Expansiones de la letra que ocupa casi «militarmente» el territorio, pues, como analiza Castillo, ésta no sólo es instrumento de una centralización autoritaria, sino que, bajo la forma arcaica de «pasquín» y literatura mural, puede dar cauce también a la primera expresión rebelde organizada en el mundo moderno. La escritura expuesta, pública, mural y urbana es un dominio inestable, marginal, que los grupos sociales deben, literalmente, tomar en un usufructo siempre discutido. Pues la memoria de la ciudad se reescribe y su archivo no sólo es susceptible de incrementos y expansiones, sino que también se somete a lógicas de borrado, a estrategias de olvido. Así, la escritura es, siempre, palimpsesto, y su resultado final sólo llega a nosotros en la forma de re-escritura.

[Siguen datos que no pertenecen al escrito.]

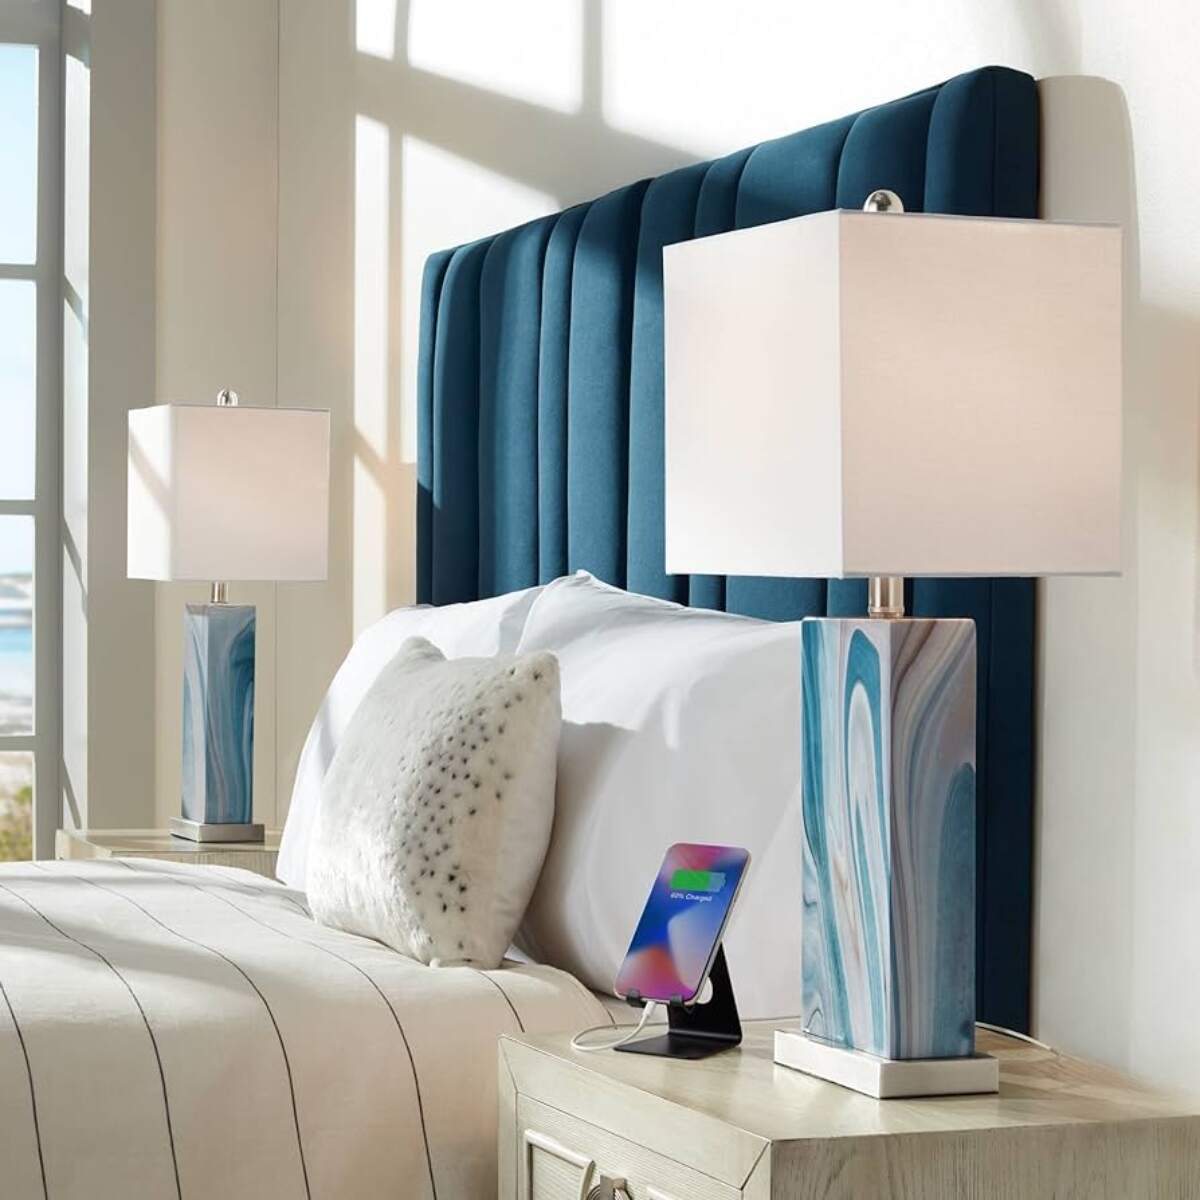 How Tall Should My Bedside Lamp Be

La amplitud de miras y la voluntad enciclopédica ha animado también en esta ocasión al coordinador de Leer y escribir en el siglo de Cervantes a dialogar con la iconología, la disciplina de una «lectura de la imagen». Un reconocido experto en los puentes que las imágenes cubren en un imperio multicontinental, Víctor Mínguez, revela cómo la necesidad de mostración de los objetos es también inherente al gigantesco proceso de traslado de trazas en que está embarcado el mundo occidental en la Edad Moderna. Lo legible necesita de la evidencia de un visible, que retóricamente le refuerza, prestándole una auctoritas (digamos, una «evidencia a los ojos») incontrovertible. El escrito, en definitiva, producido por una lógica de dominio y expansión infinita y articulado en un sistema de razón gráfica, busca también el dotarse de una «consistencia óptica» que refuerce su pretensión de verdad (o de belleza).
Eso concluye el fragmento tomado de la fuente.